To read the order in Gravano v. Take-Two Interactive Software, Inc., click here.

Why it matters: The appellate panel made short work of the plaintiffs' allegations, finding that the New York statute's limited protections did not extend to the avatars and likenesses found in the video game. Since the defendants never used either plaintiff's name, portrait, or picture, the video game company was off the hook.

Kellogg to Tweak Packaging After CARU Review

Based on a recommendation from the Children's Advertising Review Unit, Kellogg Company will revise the packaging for its Fruit Flavored Snacks featuring cartoon characters to better convey the contents and avoid confusing children.

The packaging featured cartoon characters from popular children's film and television shows against a colorful background. A long strip around the product appeared with the following statements: "Assorted Fruit Flavored Snacks," "Naturally & Artificially Flavored," and "10 pouches." Under that, a large red apple was pictured with a statement on it reading, "Made with REAL FRUIT."

Underneath the apple in small typeface were the words "see side panel for details." Alongside the Nutrition Facts on the side panel was a disclosure stating, "Made with equal to 20% fruit."

CARU expressed concern that the "Made with REAL FRUIT" label within the image of the apple communicated the implied claim that the product contains substantial amounts of fruit, particularly as directed to a children's audience.

Kellogg disagreed. The claim was truthful, substantiated, and not misleading, the advertiser told CARU, and the use of the statement within the apple was simply "a truthful call-out" of the makeup of the product—not a statement on nutritional value.
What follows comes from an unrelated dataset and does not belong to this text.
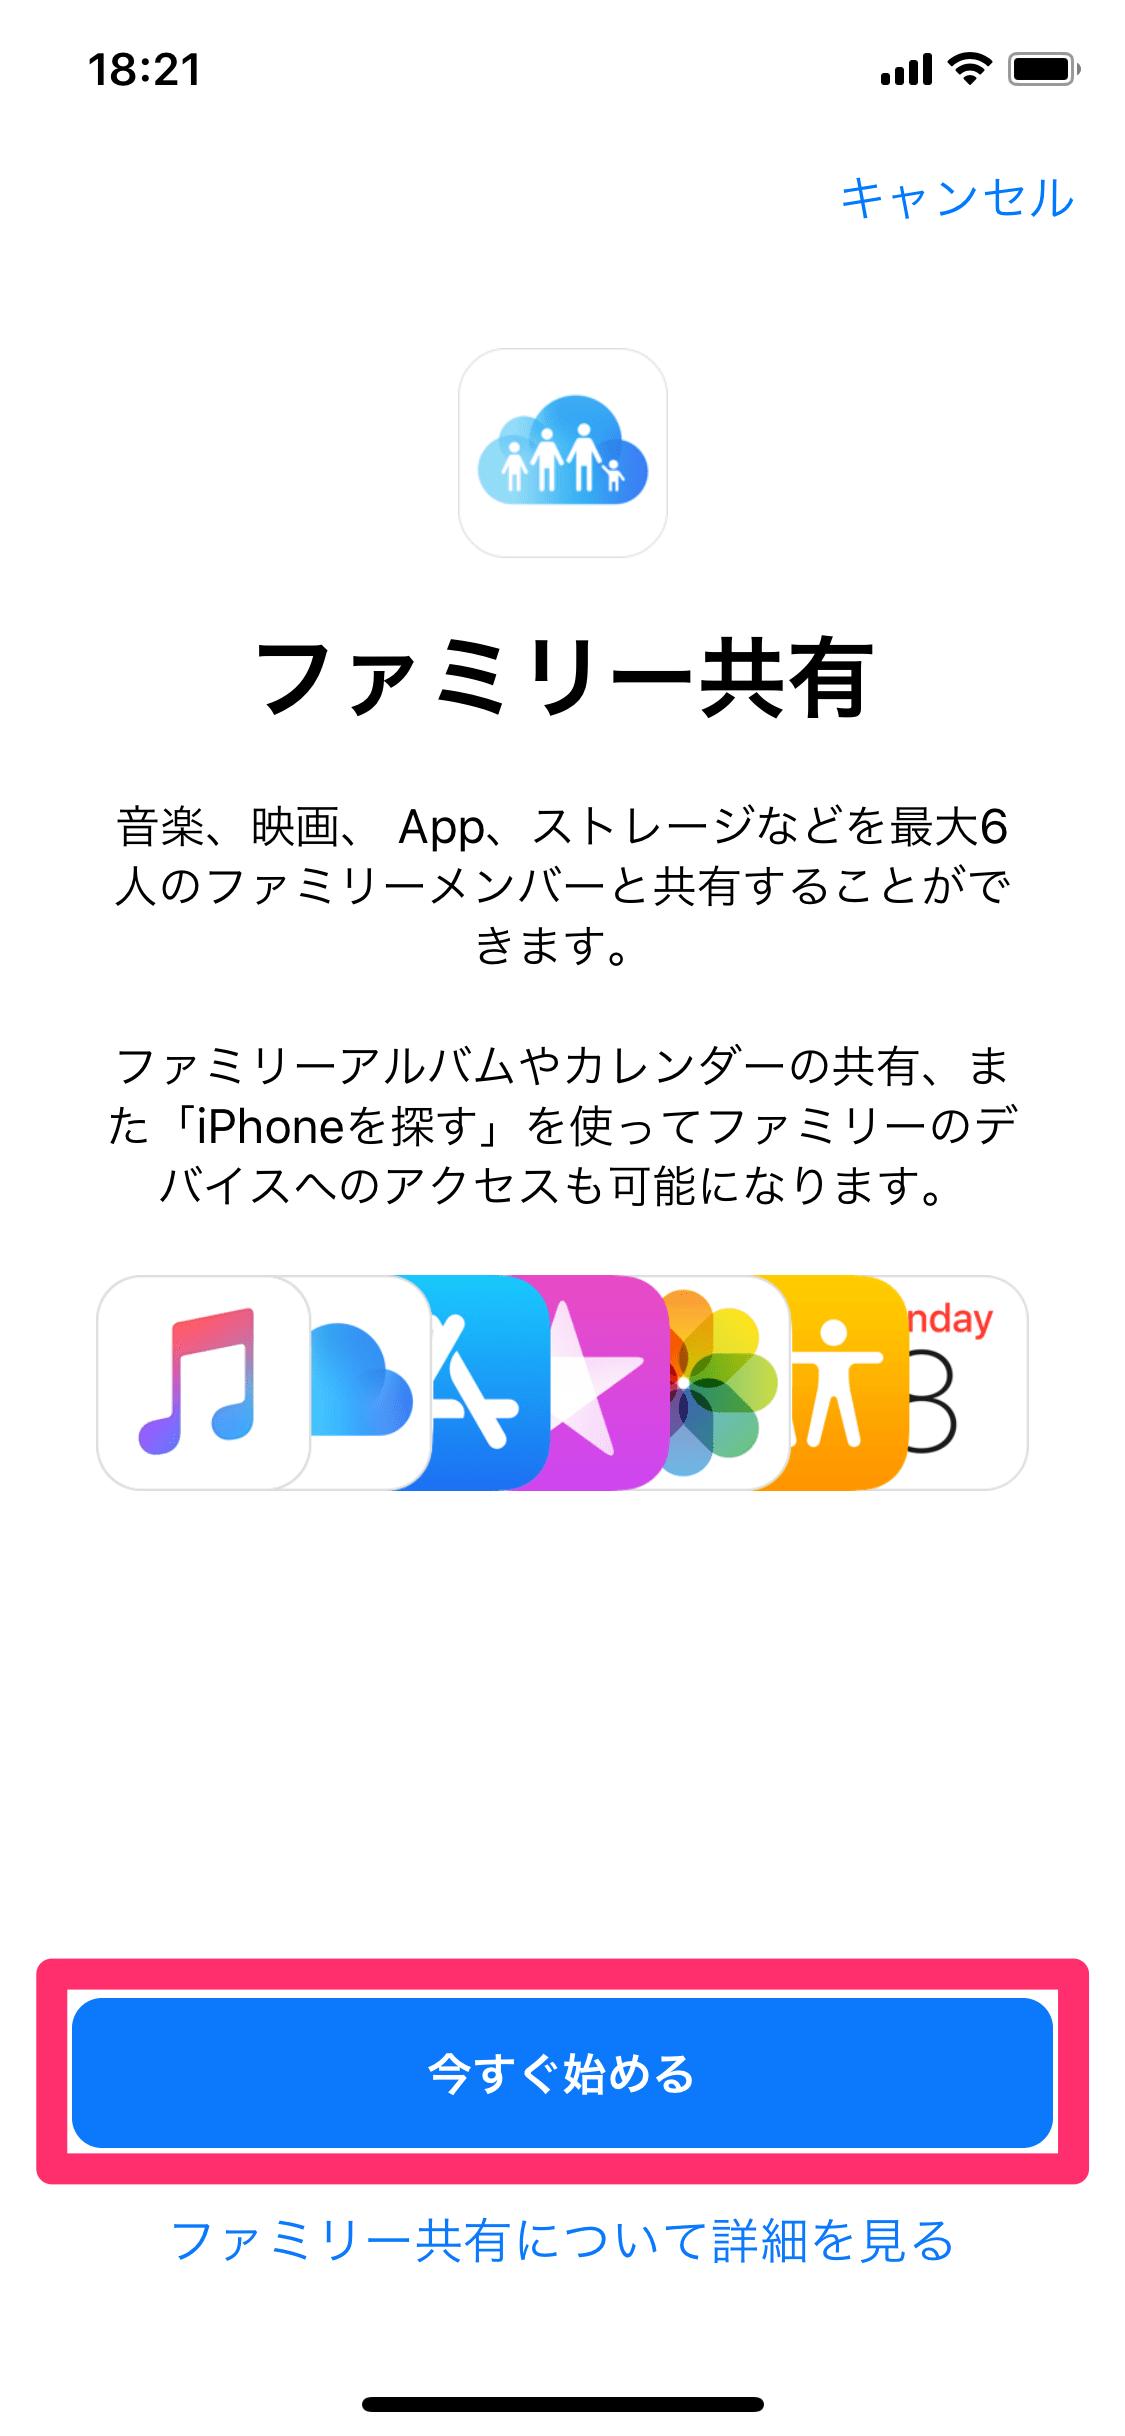 子どものApple IDの作成方法。ファミリー共有でアプリ購入や使用時間を制限できる

The advertiser also noted that the U.S. Department of Agriculture lists "pureed fruits" as part of the "fruit group" and the apple was used to convey the type of fruit in the product.

Emphasizing that children are "not just little adults" and require extra protections, "CARU found that one reasonable takeaway message was that the Kellogg's Fruit Flavored Snacks contain substantial amounts of fruit," the self-regulatory body wrote, highlighting the use of the apple.
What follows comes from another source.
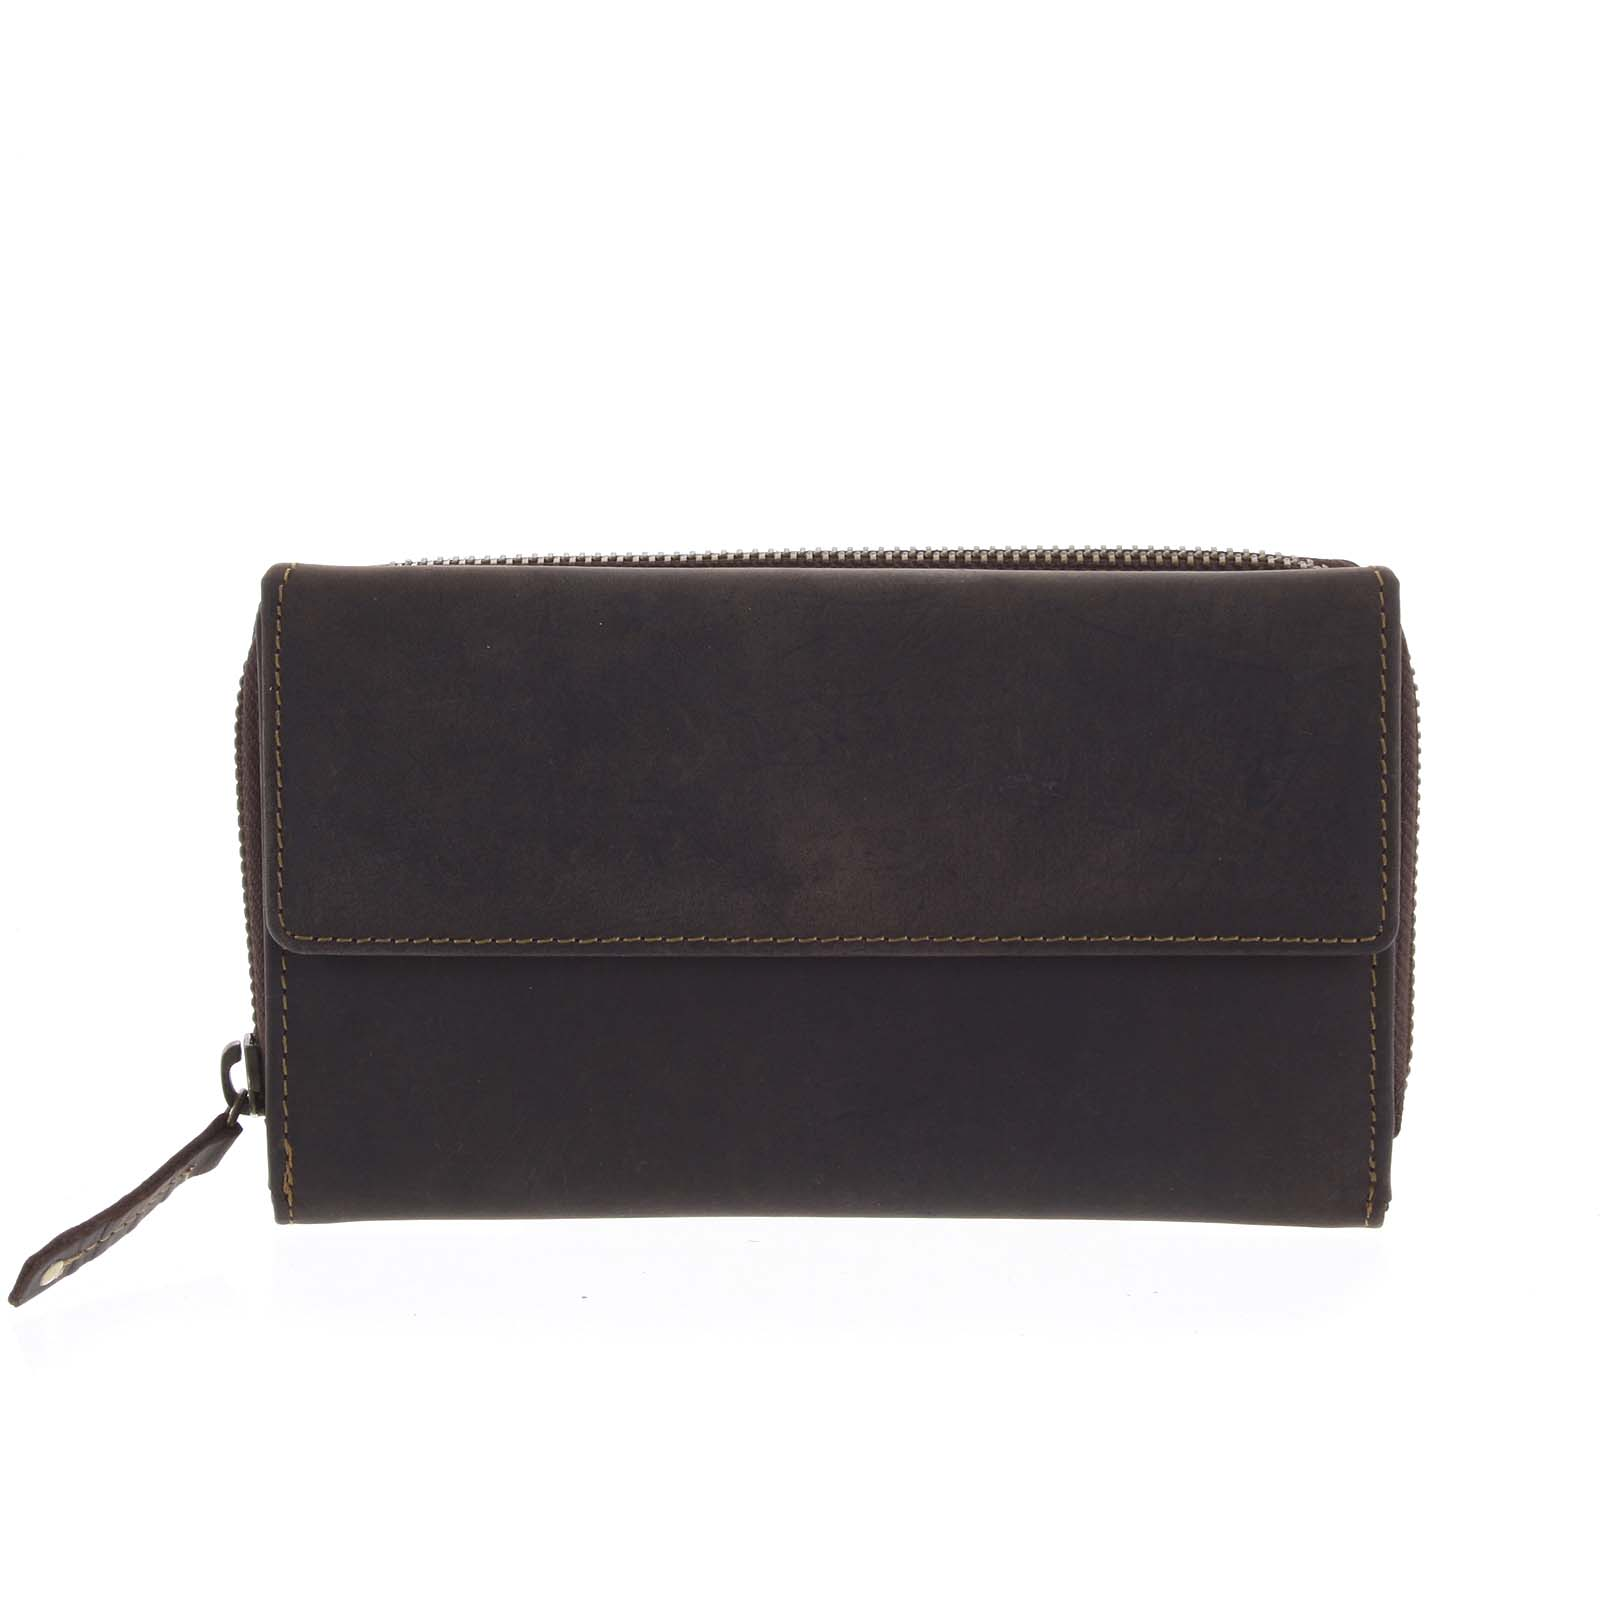 Dámská kožená peněženka tmavě hnědá - Tomas Menmaiya

CARU recalled working with marketers—including Kellogg—in 2005 to accurately describe what were then called "fruit snacks." At that time, the self-regulatory body recommended that "Made with real fruit" claims with accompanying depictions of real fruit, without accompanying statements of the amount of fruit juice, be removed so that children would not believe that these products were made with substantial amounts of fruit.
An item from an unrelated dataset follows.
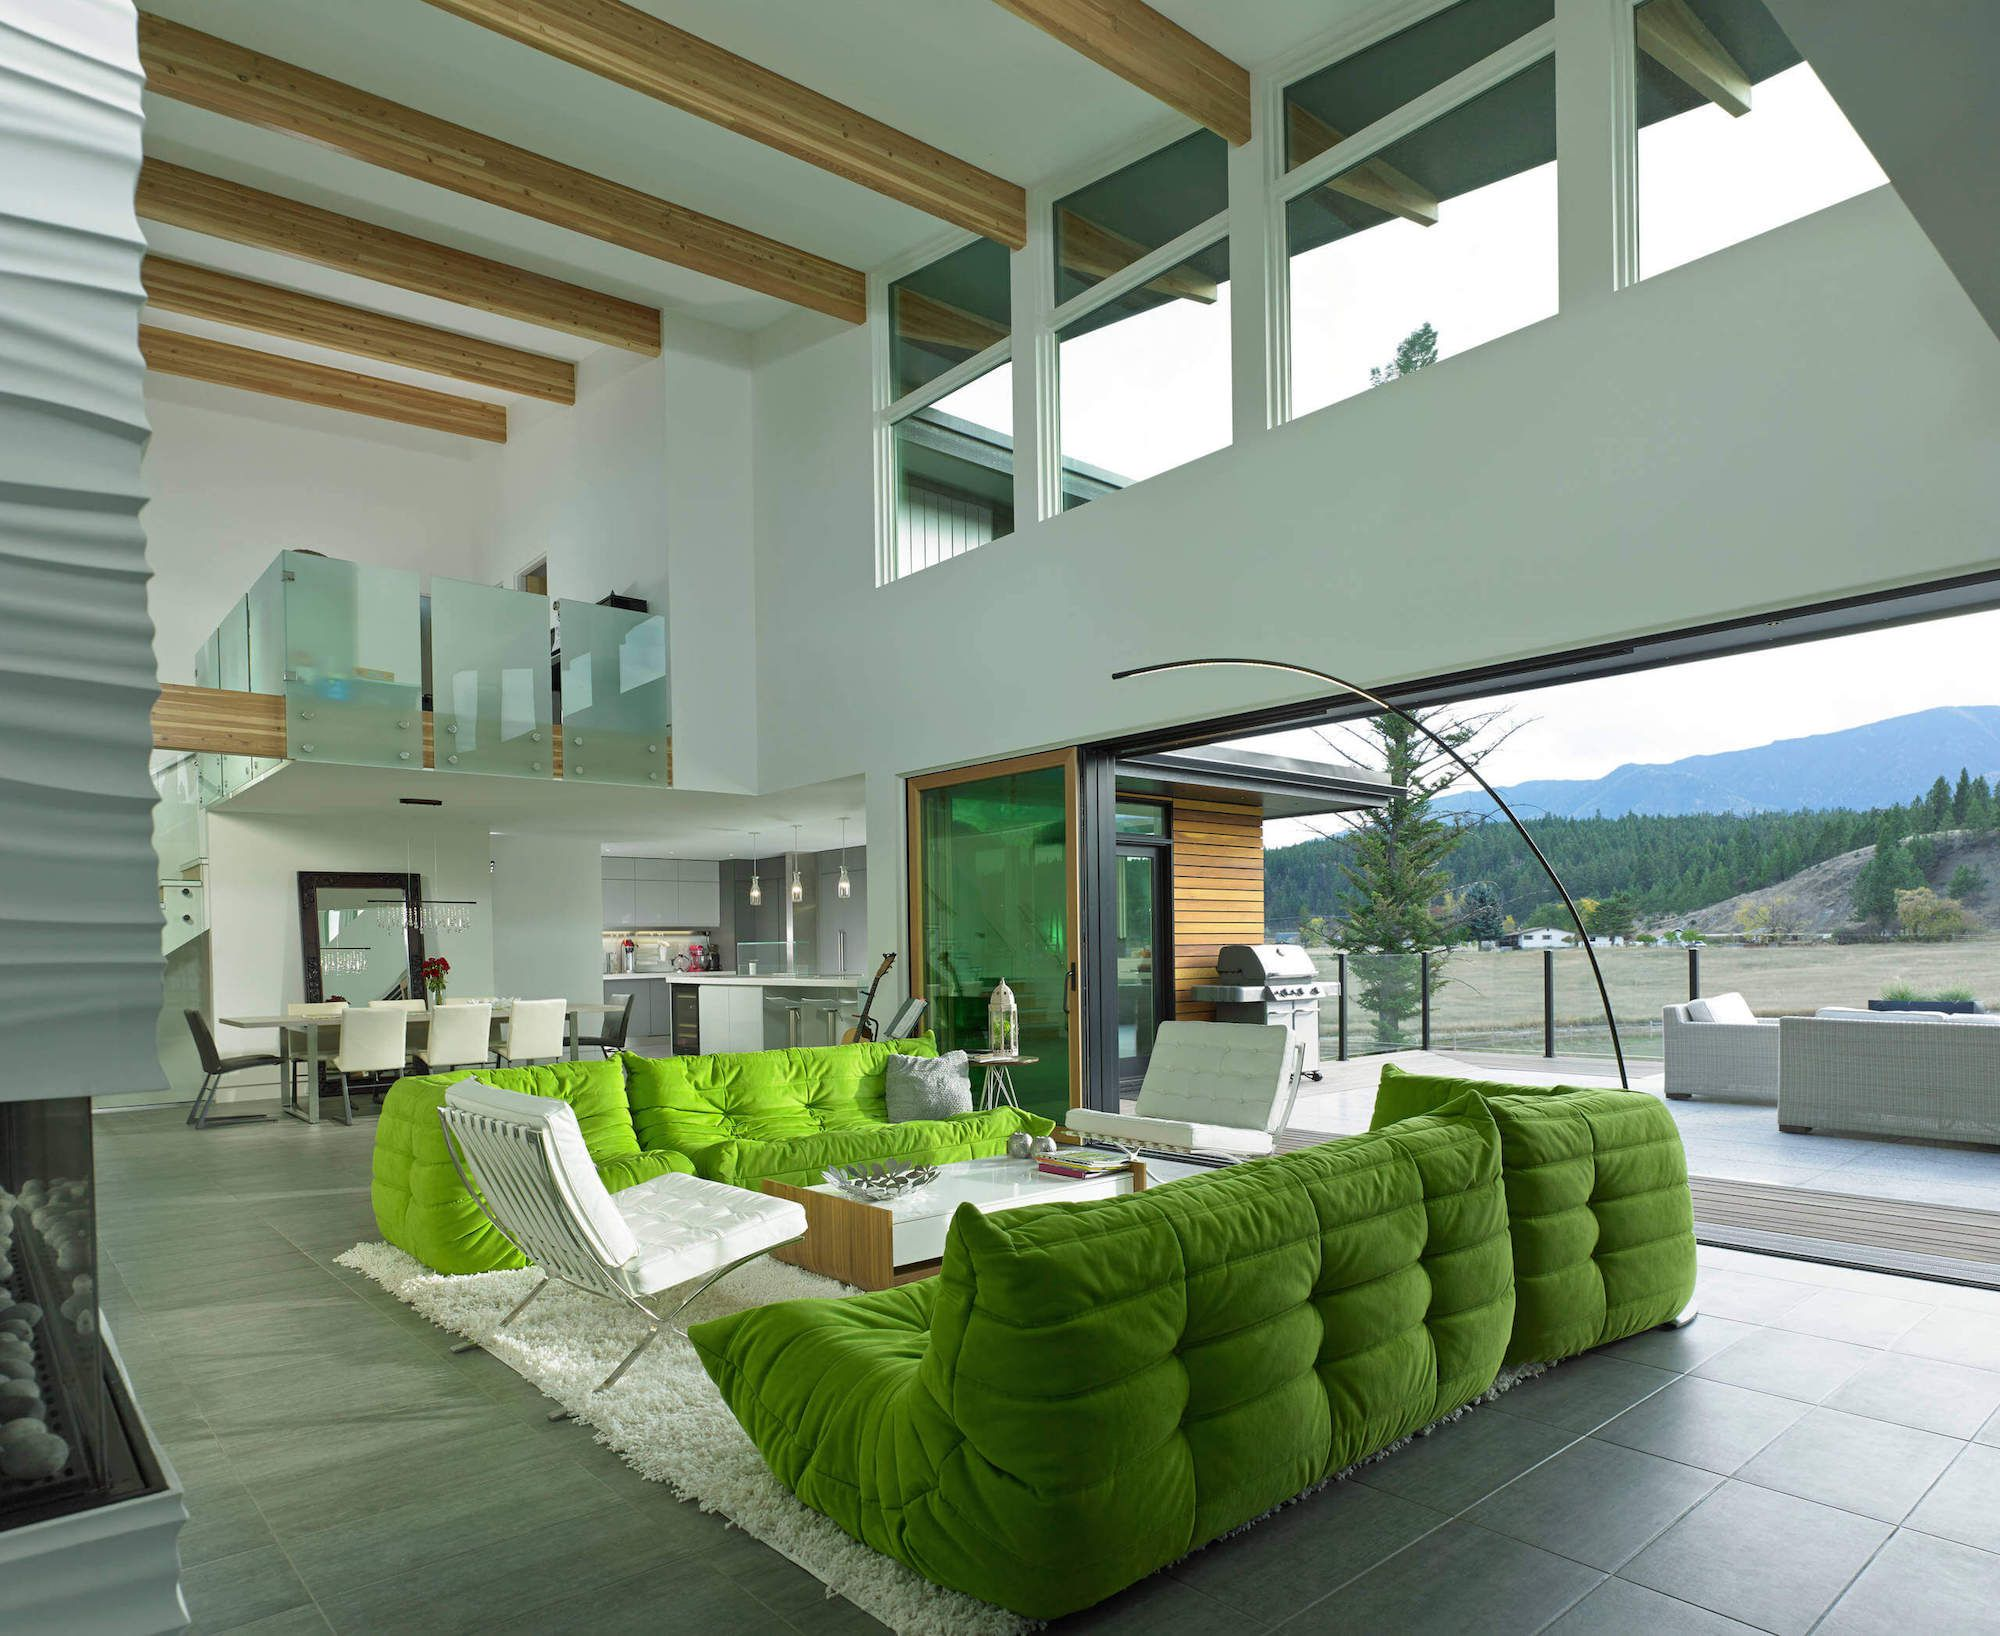 lindal-home-turkel-design-05

"Kellogg complied with these recommendations, but has since reformulated its Fruit Flavored Snacks to use fruit puree rather than fruit juices," CARU said. "The consideration of such a claim when the product contains fruit puree is therefore new."

Despite being a new formulation of the question, CARU reached the same conclusion. "While CARU does not believe that Kellogg intended to mislead anyone, children or adults, by the use of the apple containing the statement 'Made with REAL FRUIT,' it is well-settled that advertisers must substantiate all reasonable interpretations of its claims, even those it did not intend to convey," CARU said.

Because Kellogg could not substantiate the implied claim that the product is made substantially of real fruit (with fruit puree concentrate the third ingredient in the snacks after two non-fruit sweeteners), CARU recommended that Kellogg remove the "Made with REAL FRUIT" representation within the apple from packaging featuring cartoon characters that appeal to children under the age of 12.

In its advertiser's statement, Kellogg disagreed with CARU's ruling but said it would modify the product packaging.

To read CARU's press release about the case, click here.

Why it matters: Advertisers can take two lessons from the decision: a reminder that they are obligated to substantiate all reasonable interpretations of their claims—including messages they may not have intended to convey—and that a claim that is literally true may, in the context in which it is presented, still convey a message that is false or misleading.

DISCLAIMER: Because of the generality of this update, the information provided herein may not be applicable in all situations and should not be acted upon without specific legal advice based on particular situations.